To use, install the Lighthouse Chrome extension.

  • Go to your website in your browser.
  • Click on the orange lighthouse icon in your browser’s address bar.
  • Click Generate Report.
  • A new tab will open and display your scores once the evaluation is complete.
An image showing the Lighthouse Scores for a website.Screenshot from Lighthouse, March 2024

You can also use the Lighthouse report in Developer Tools in Chrome.
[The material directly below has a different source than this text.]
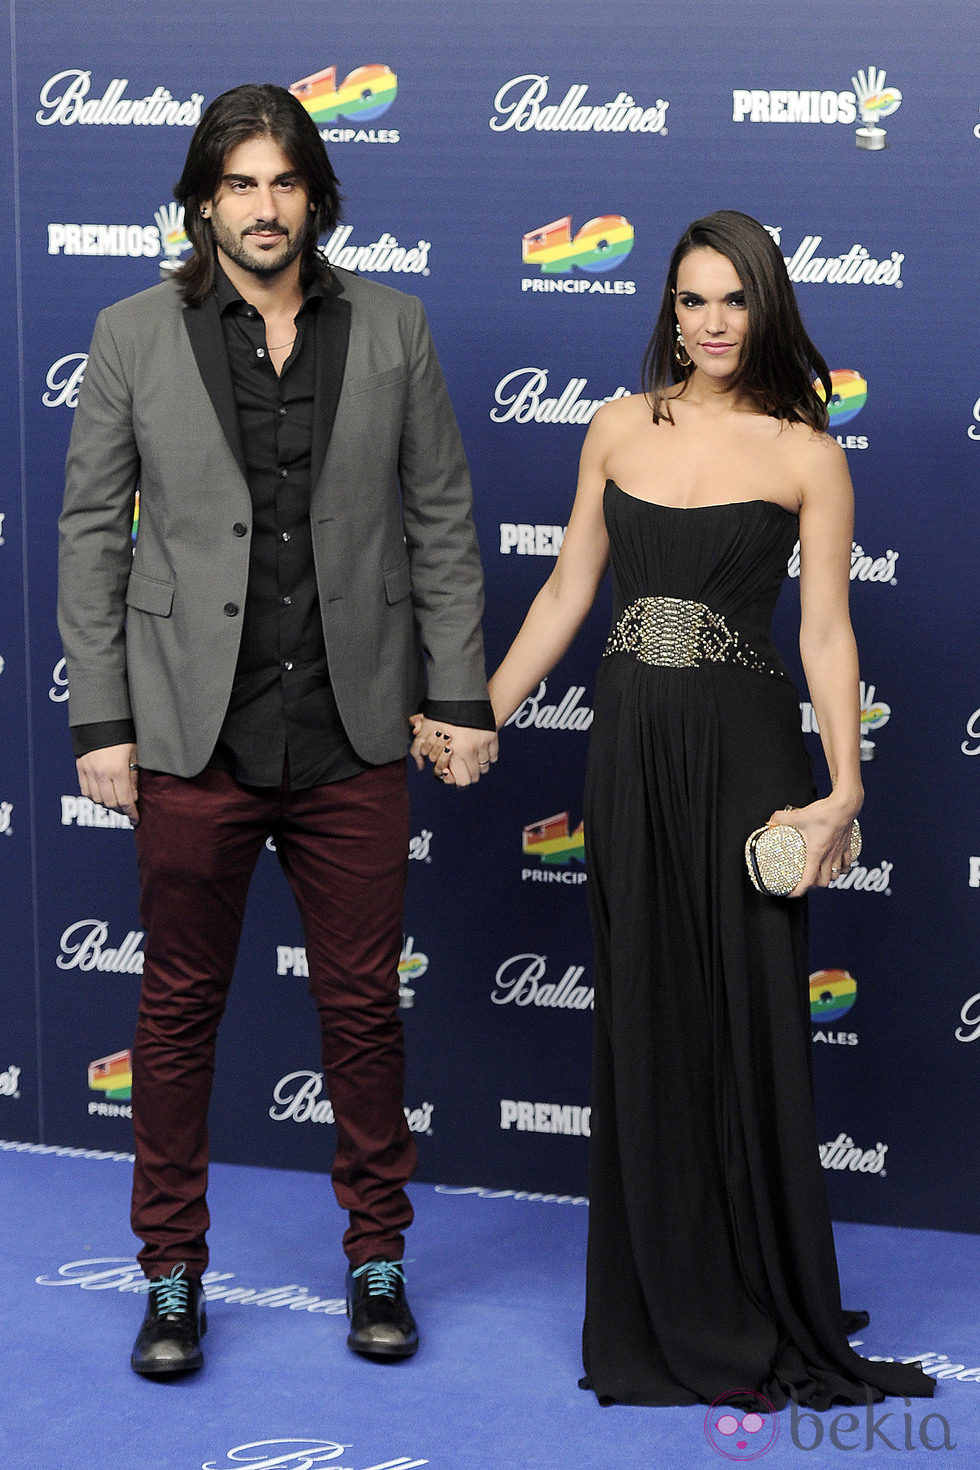 Melendi y La Dama en los Premios 40 Principales 2013

  • Simply click on the three dots next to the address bar.
  • Select “More Tools.”
  • Select Developer Tools.
  • Click on the Lighthouse tab.
  • Choose “Mobile” and click the “Analyze page load” button.
An image showing how to get to Lighthouse within Google Chrome Developer Tools.Screenshot from Lighthouse, March 2024

Another option that Google offers is the PageSpeed Insights (PSI) tool. Simply add your URL into the field and click Analyze.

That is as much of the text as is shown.